Work order » All of the listing is to be written out word for word, with the pictures left out.

Information shown »
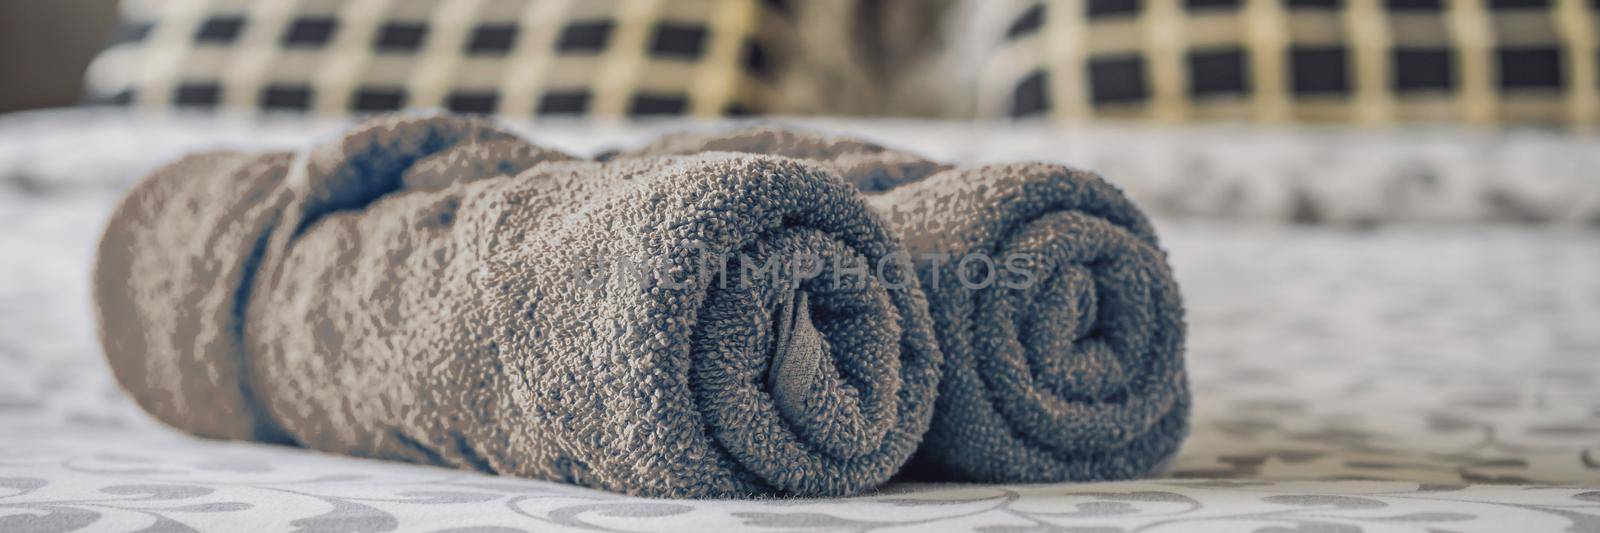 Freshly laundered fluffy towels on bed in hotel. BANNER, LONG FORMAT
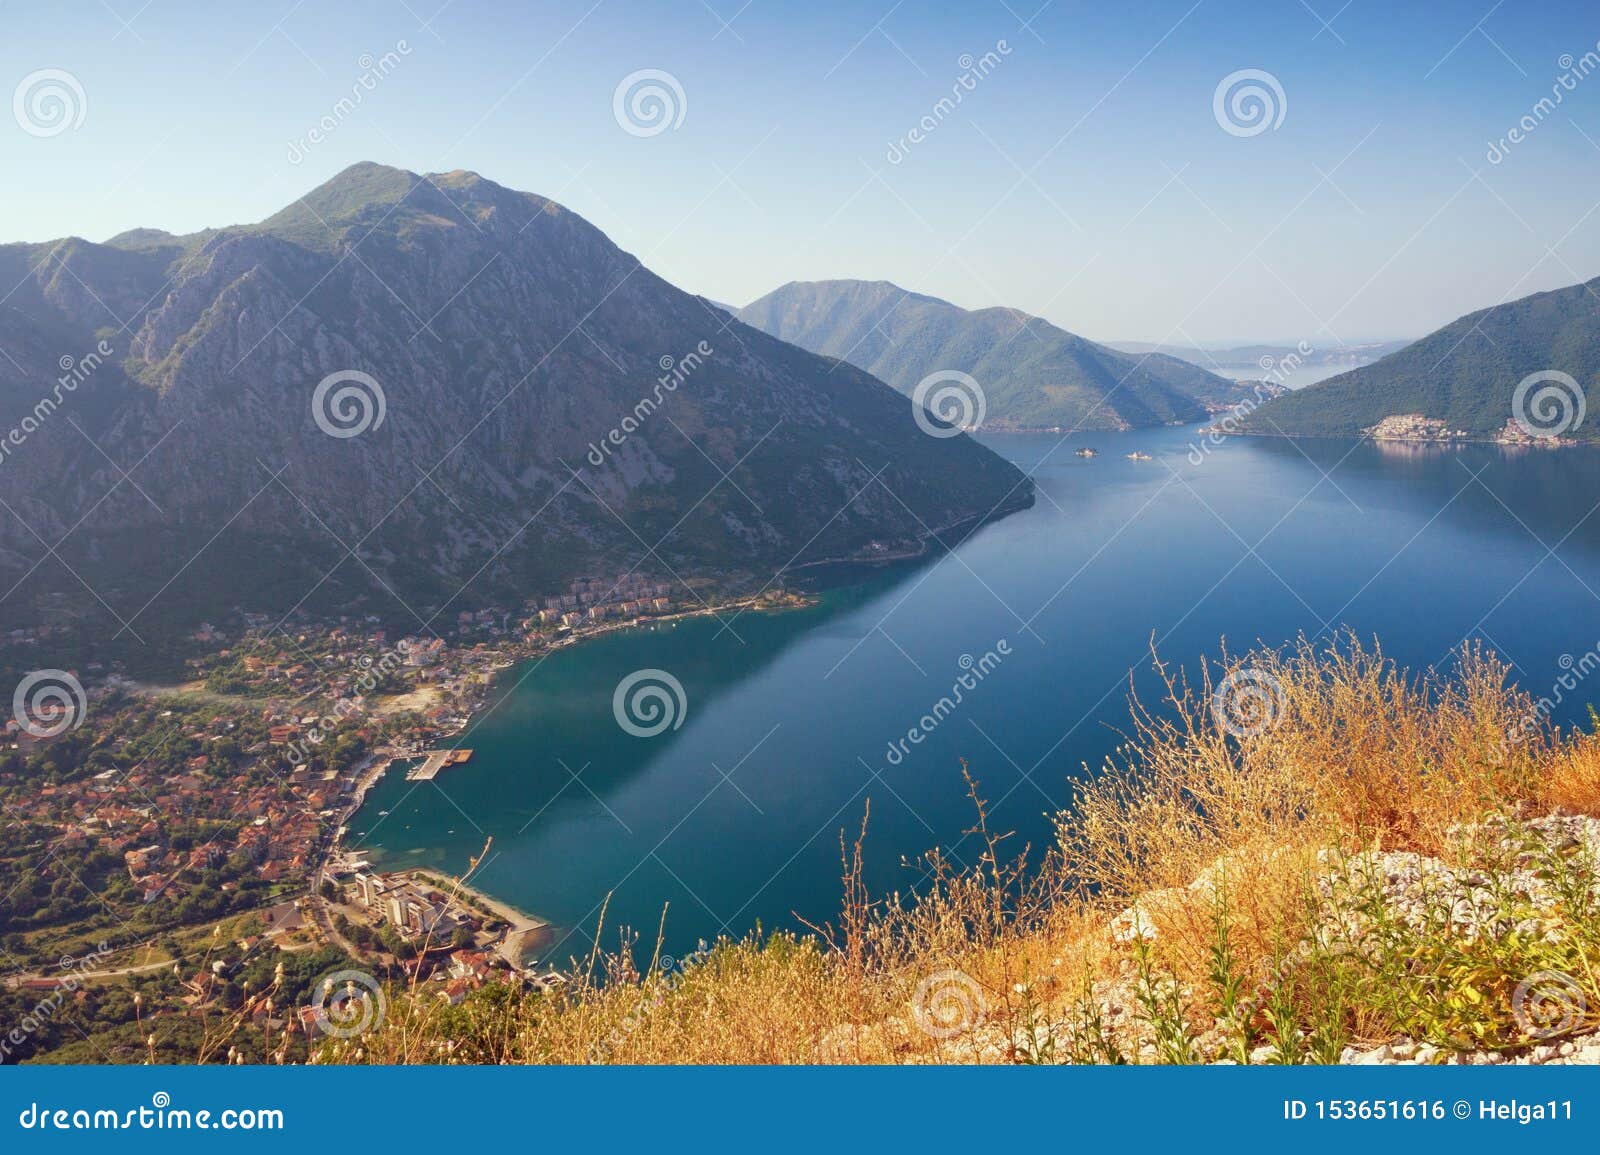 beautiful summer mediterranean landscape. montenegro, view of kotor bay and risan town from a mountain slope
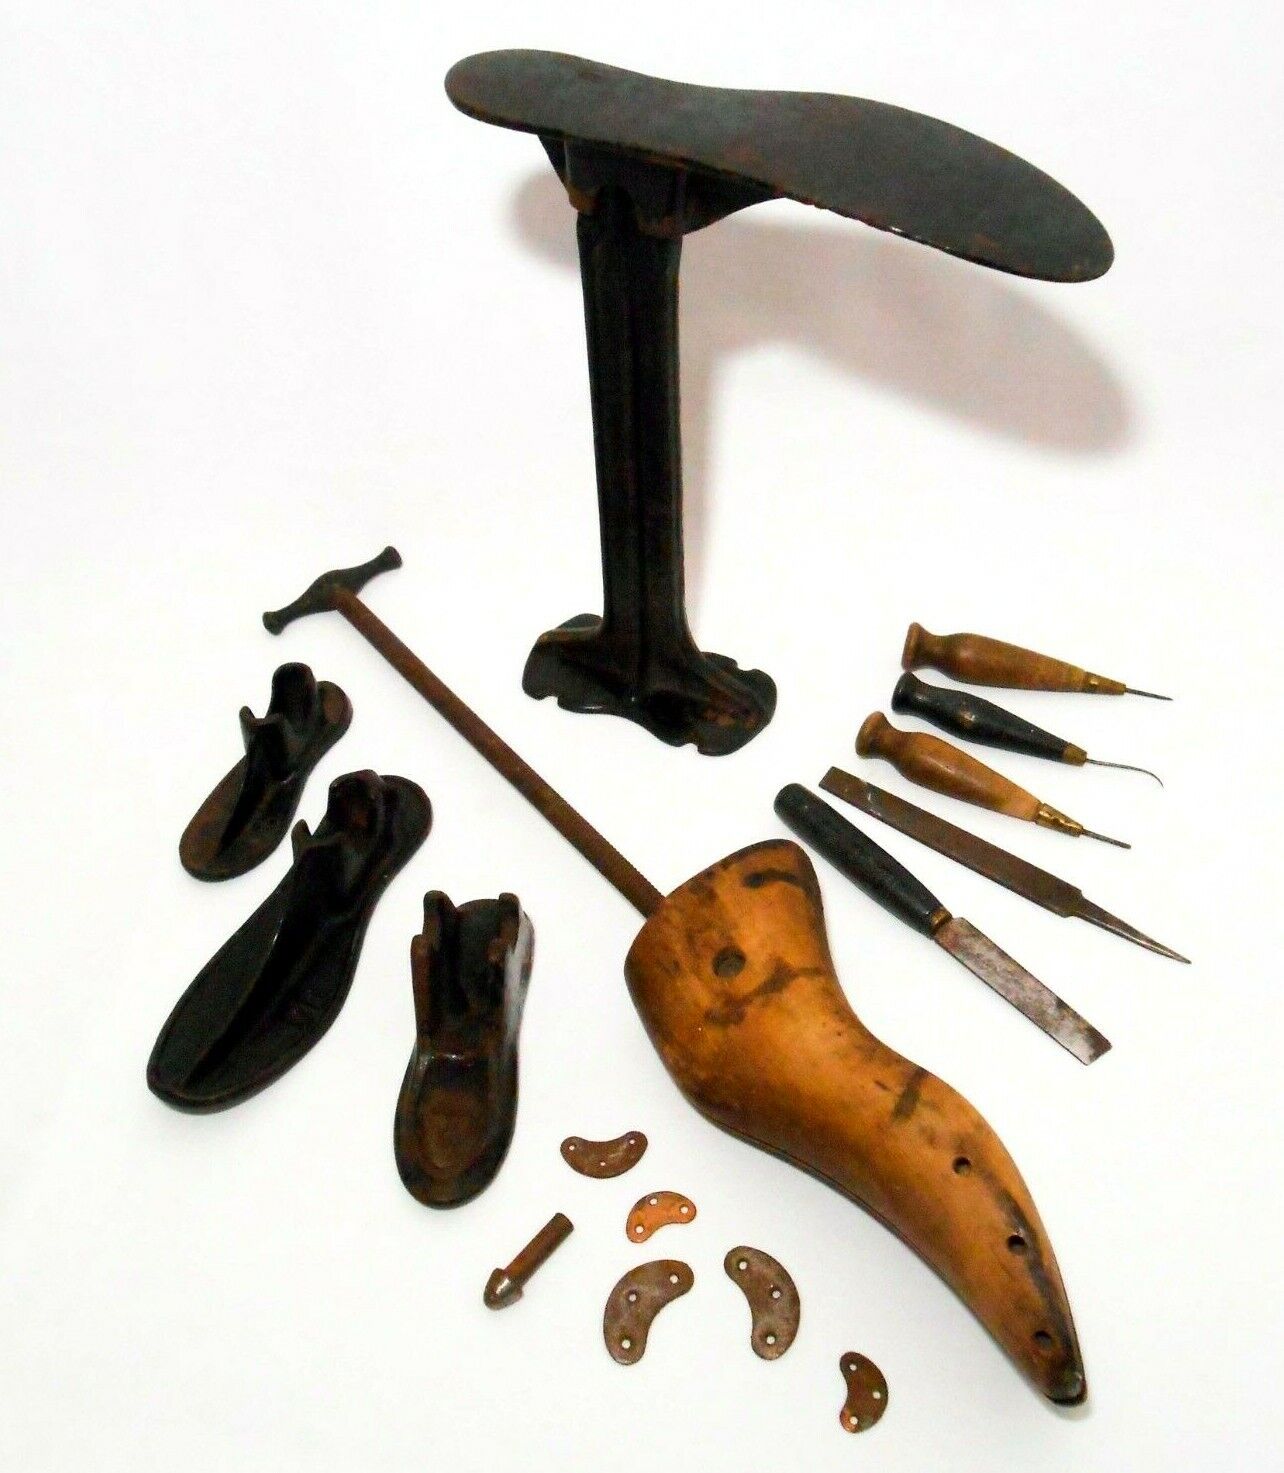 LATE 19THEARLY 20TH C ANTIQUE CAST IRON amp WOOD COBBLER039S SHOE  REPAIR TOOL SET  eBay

Response box »
 Freshly laundered fluffy towels on bed in hotel. BANNER, LONG FORMAT
 beautiful summer mediterranean landscape. montenegro, view of kotor bay and risan town from a mountain slope
 LATE 19THEARLY 20TH C ANTIQUE CAST IRON amp WOOD COBBLER039S SHOE  REPAIR TOOL SET  eBay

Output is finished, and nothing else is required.